## Available data
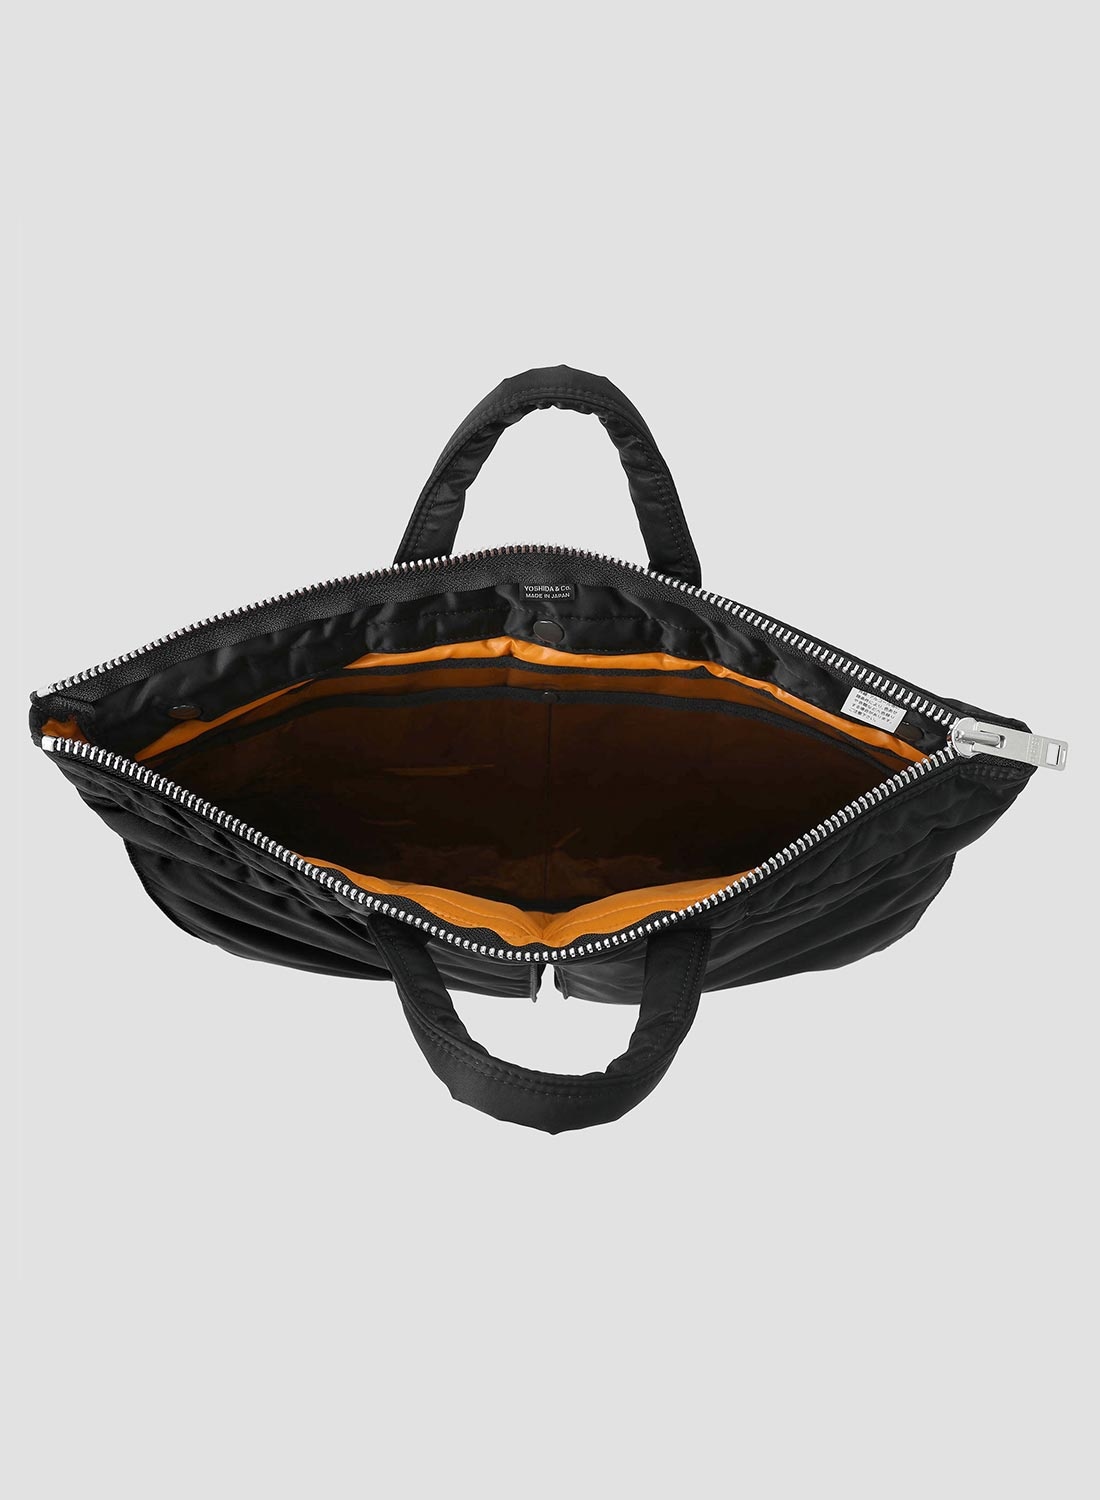 Porter-Yoshida & Co Tanker Short Helmet Bag Large in Black - 3
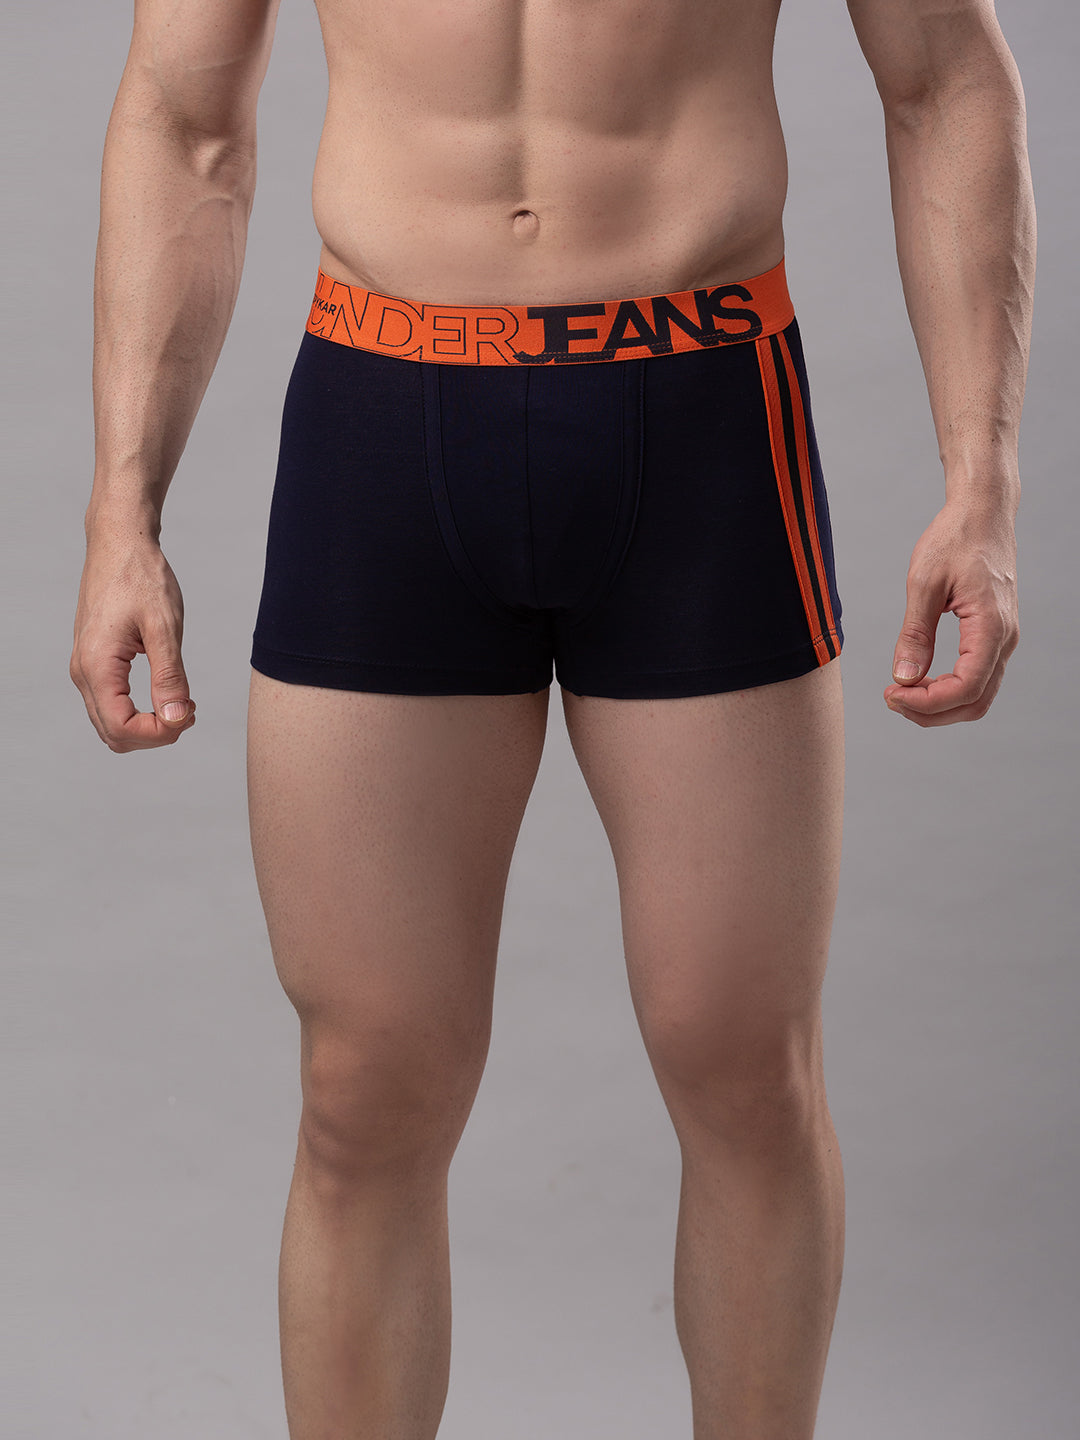 Men Premium Navy-Orange Cotton Blend Trunk- UnderJeans by Spykar
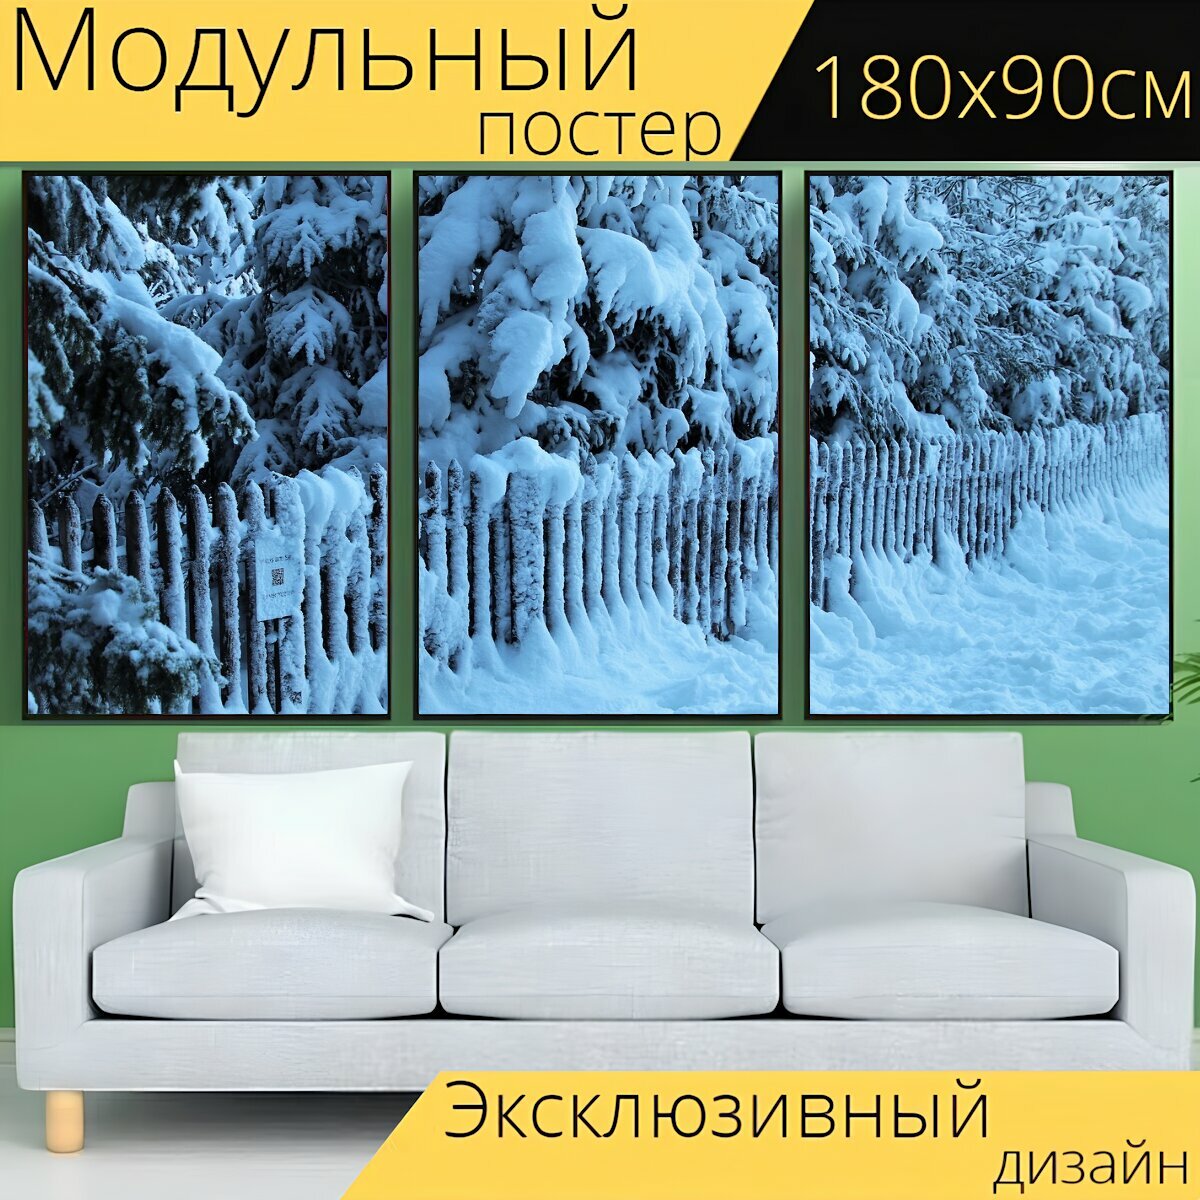 Модульный постер "Холодная, изгородь, снег" 180 x 90 см. для интерьера
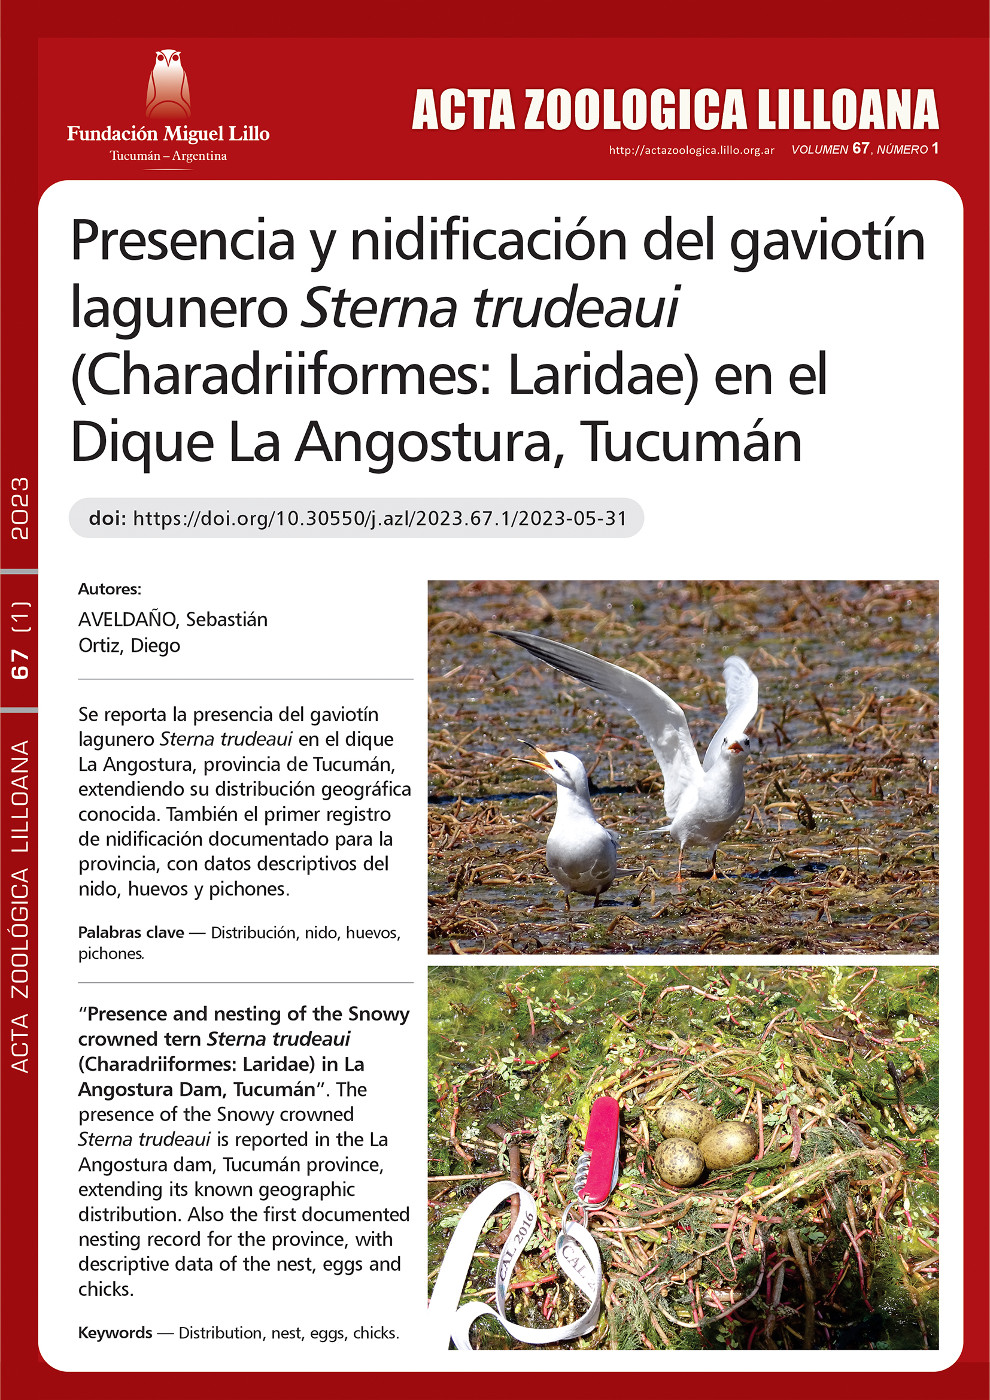 Presencia y nidificación del gaviotín lagunero Sterna trudeaui (Charadriiformes: Laridae) en el Dique La Angostura, Tucumán

## Work item
A word-for-word copy of the lines from the one with "Men Premium Navy-Orange" through the final line of the listing above is the whole answer, and it contains no pictures.

## Answer below
 Men Premium Navy-Orange Cotton Blend Trunk- UnderJeans by Spykar
 Модульный постер "Холодная, изгородь, снег" 180 x 90 см. для интерьера
 Presencia y nidificación del gaviotín lagunero Sterna trudeaui (Charadriiformes: Laridae) en el Dique La Angostura, Tucumán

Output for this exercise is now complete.